═══ Recorded information ═══

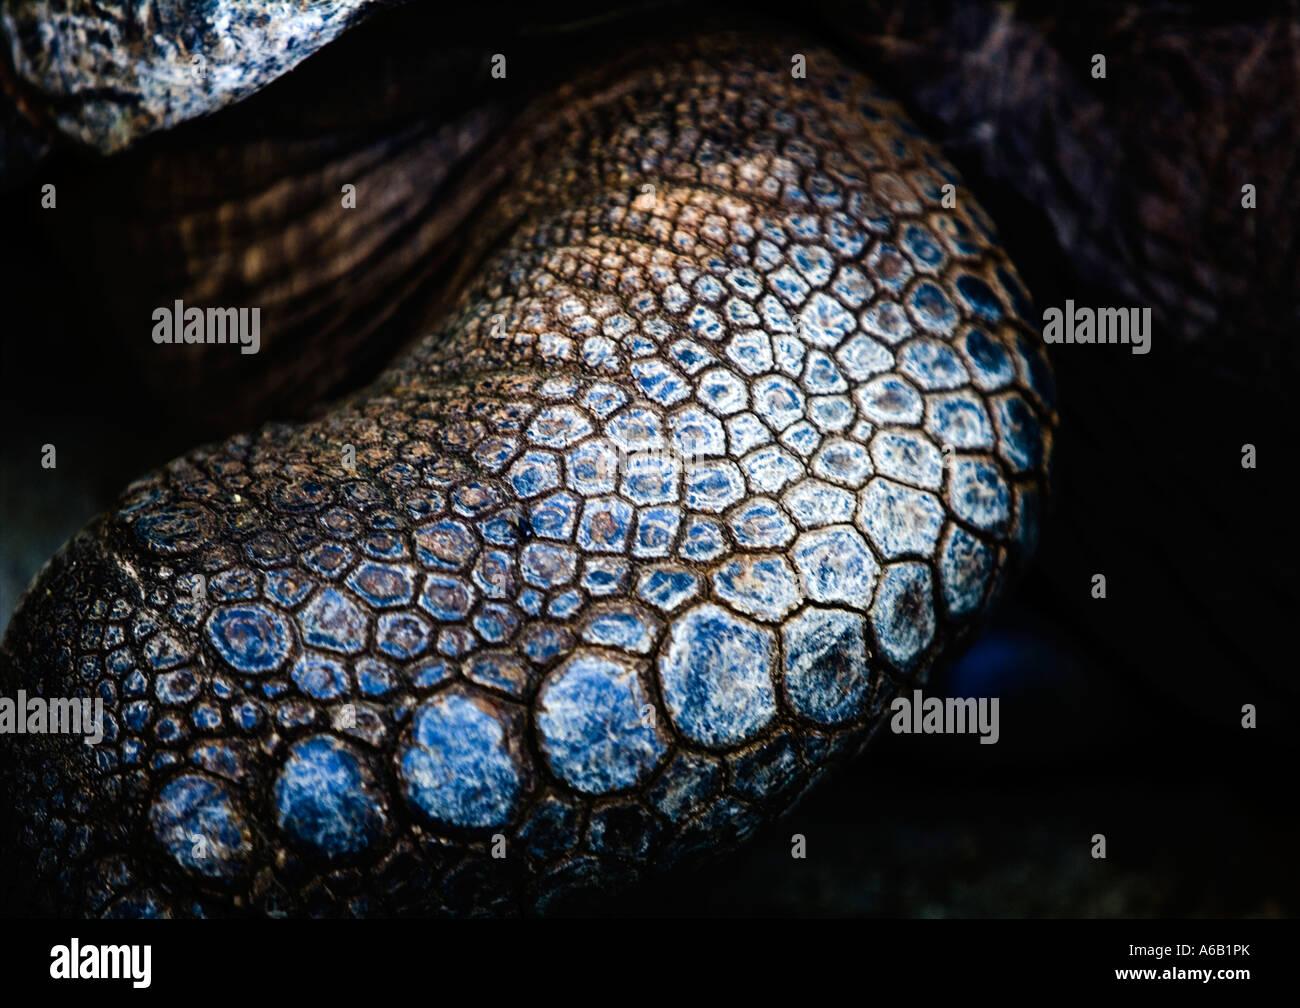 [Leg detail], of [Giant Tortoise] - 'Domaine Anna', near 'Flic en Flac', 'Mauritius' - Stock Image
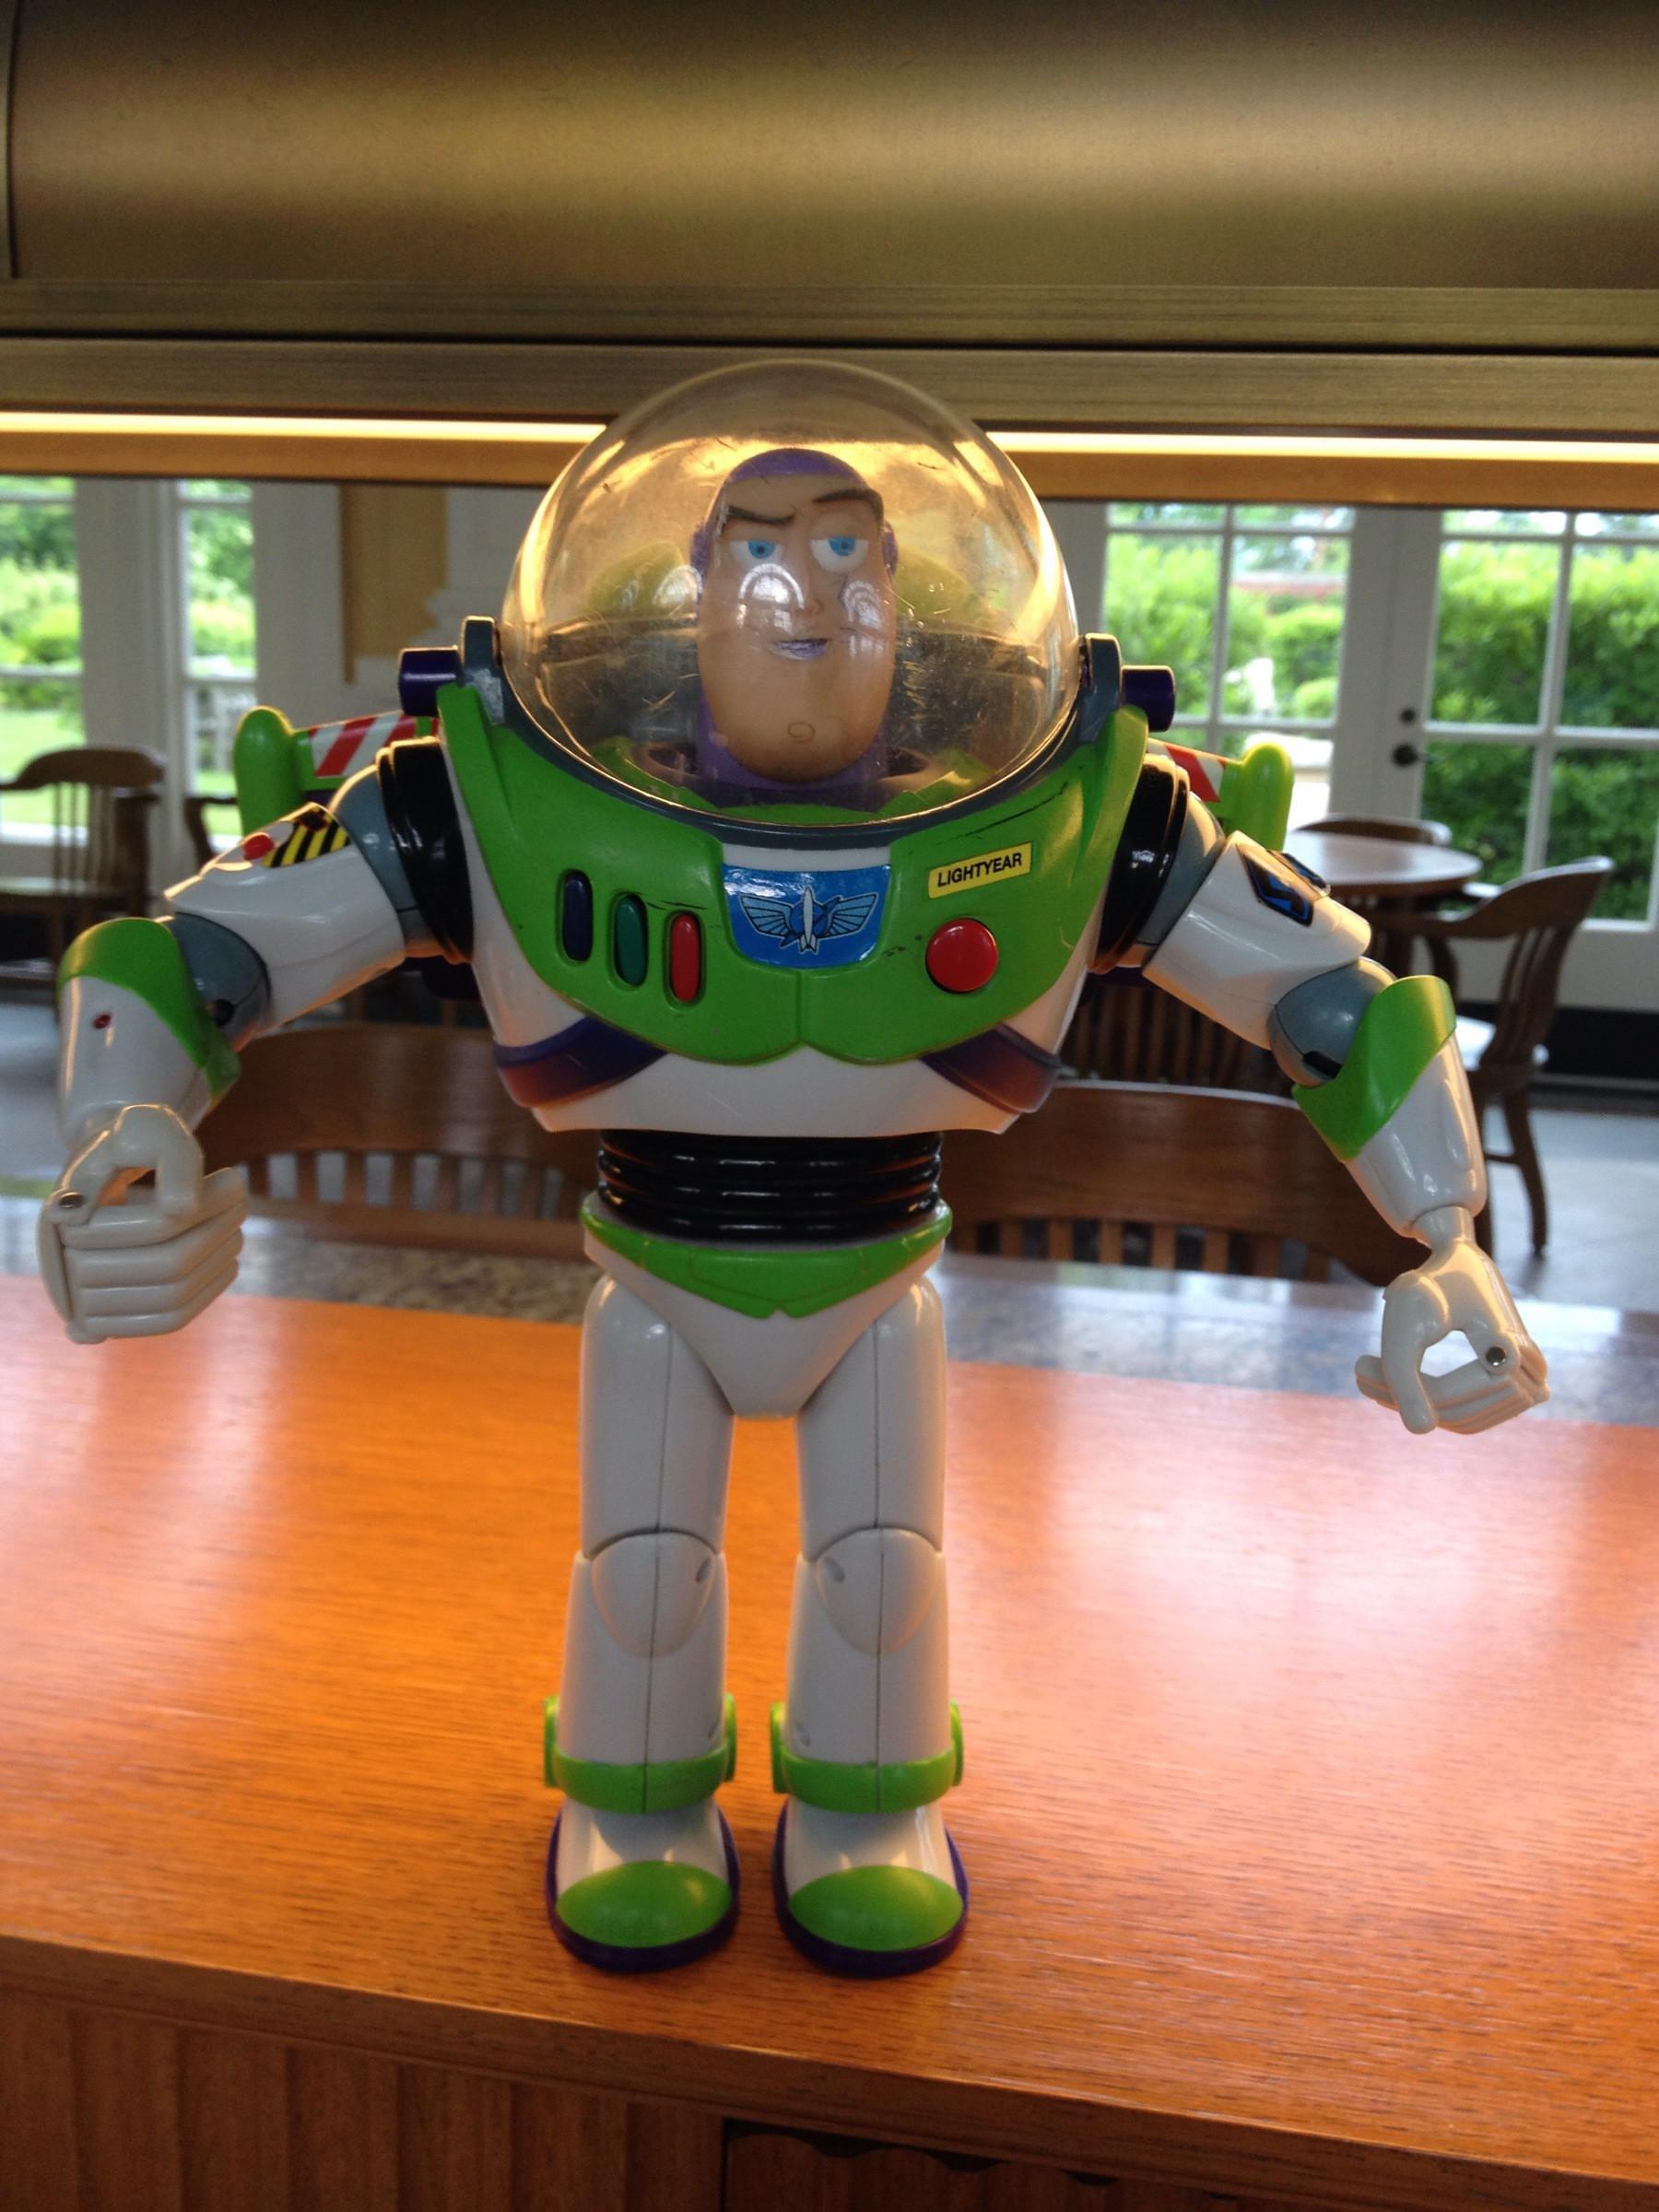 Full sized Buzz Lightyear
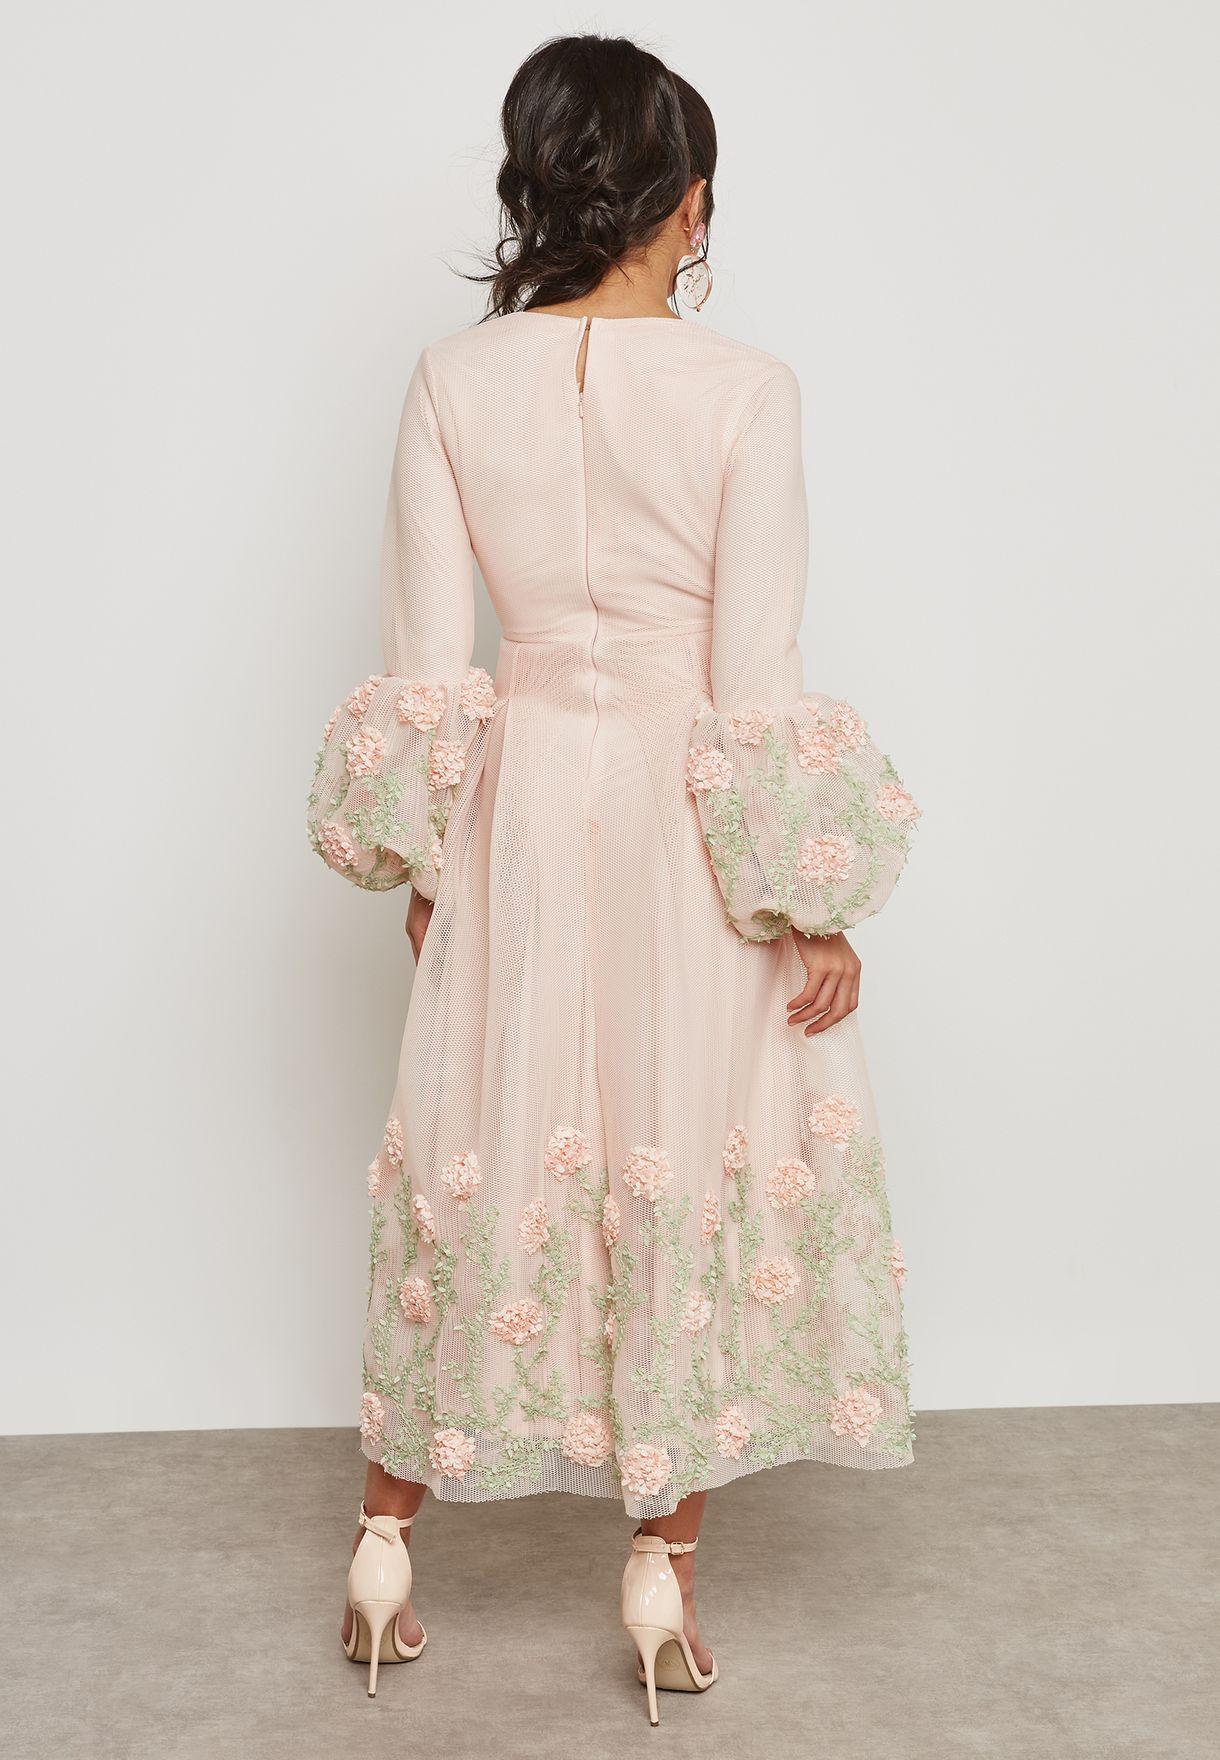 Embellished Puffed Sleeve Dress

═══

Aim of the exercise - Only the lines from the one containing "Full sized Buzz Lightyear" through the final line of the data should be given again, exactly and without pictures.

Answer box -
 Full sized Buzz Lightyear
 Embellished Puffed Sleeve Dress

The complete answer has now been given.